COG_SERVICE_REGION="your_cognitive_services_location"


In [4]:
# [4] SpeechConfigの設定
# 今回はセキュリテイを無視していますが、本番環境では重要情報なのでご注意を
speech_config = speech_sdk.SpeechConfig(COG_SERVICE_KEY, COG_SERVICE_REGION)
print('speech serviceのregionはこちらに設定しました:', speech_config.region)

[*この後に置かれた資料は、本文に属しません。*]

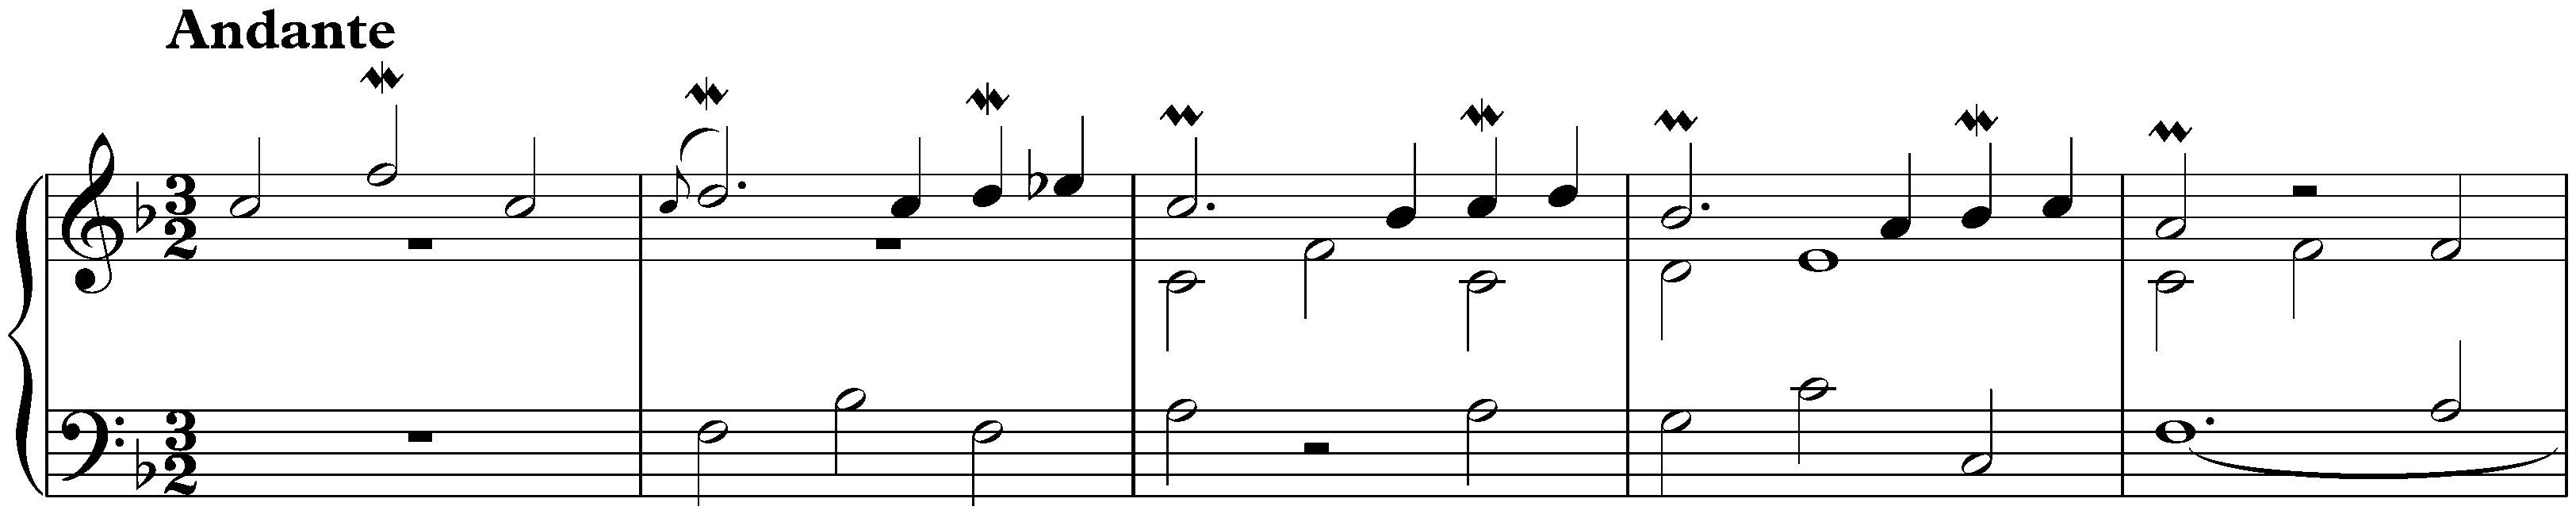 Praeludium et Partita del tuono terzo in F major, BWV 833; 1. Praeludium

speech serviceのregionはこちらに設定しました: southcentralus


In [5]:
# [5] 使用するファイルの設定
audioFile = '/content/time.wav'


In [6]:
# [6] AudioConfigの設定
audio_config = speech_sdk.AudioConfig(filename=audioFile)


In [7]:
# [7] SpeechRecognizerの設定（SpeechConfigとAudioConfigを設定時に使用します）
speech_recognizer = speech_sdk.SpeechRecognizer(speech_config, audio_config)


In [8]:
# [8] SpeechRecognizerで音声処理（音声認識）
speech_result = speech_recognizer.recognize_once_async().get()
print("次の音声と認識しました：", speech_result.text)

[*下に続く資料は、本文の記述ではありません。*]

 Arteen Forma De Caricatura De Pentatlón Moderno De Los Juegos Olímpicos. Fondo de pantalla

次の音声と認識しました： What time is it?


---

[2] 発音評価（Pronunciation assessment）
===================

In [9]:
# [1] 発音している単語のスクリプトを用意します
script = 'What time is it'


[2] AudioConfigの設定

参考記事

https://docs.microsoft.com/ja-jp/azure/cognitive-services/speech-service/how-to-pronunciation-assessment?pivots=programming-language-python

SDK解説：azure-cognitiveservices-speech Package

https://docs.microsoft.com/ja-jp/python/api/azure-cognitiveservices-speech/?view=azure-python

プログラム参考

https://github.com/Azure-Samples/cognitive-services-speech-sdk/blob/4f9ee79c2287a5a00dcd1a50112cd43694aa7286/samples/python/console/speech_sample.py#L707


In [10]:
# [2] AudioConfigの設定
# 詳細
# https://docs.microsoft.com/ja-jp/python/api/azure-cognitiveservices-speech/azure.cognitiveservices.speech.pronunciationassessmentconfig?view=azure-python

pronunciation_config = speech_sdk.PronunciationAssessmentConfig(reference_text=script,
                                                                   grading_system=speech_sdk.PronunciationAssessmentGradingSystem.HundredMark,
                                                                   granularity=speech_sdk.PronunciationAssessmentGranularity.Word)


In [11]:
# [3] SpeechRecognizerの設定（SpeechConfigとAudioConfigを設定時に使用します）
speech_recognizer = speech_sdk.SpeechRecognizer(speech_config, audio_config)
# 先ほど[7]で設定したものと同じ内容です


In [12]:
# [4] 発音評価：Pronunciation Assessmentの実施
pronunciation_config.apply_to(speech_recognizer)
result = speech_recognizer.recognize_once()


In [13]:
# [5] 発音評価：Pronunciation Assessmentの結果をまとめたオブジェクトを作成
pronunciation_result = speech_sdk.PronunciationAssessmentResult(result)


In [14]:
# [6] 発音評価の結果を表示（全文での）
print('Accuracy score: {}, fluency score: {}, completeness score : {}, pronunciation score: {}'.format(
            pronunciation_result.accuracy_score, pronunciation_result.fluency_score,
            pronunciation_result.completeness_score, pronunciation_result.pronunciation_score
        ))

Accuracy score: 100.0, fluency score: 100.0, completeness score : 100.0, pronunciation score: 100.0


In [15]:
# [7] 発音評価の結果を表示（単語ごとに）
for word_result in pronunciation_result.words:
    print('単語：{}, Accuracy score：{}'.format(word_result.word, word_result.accuracy_score))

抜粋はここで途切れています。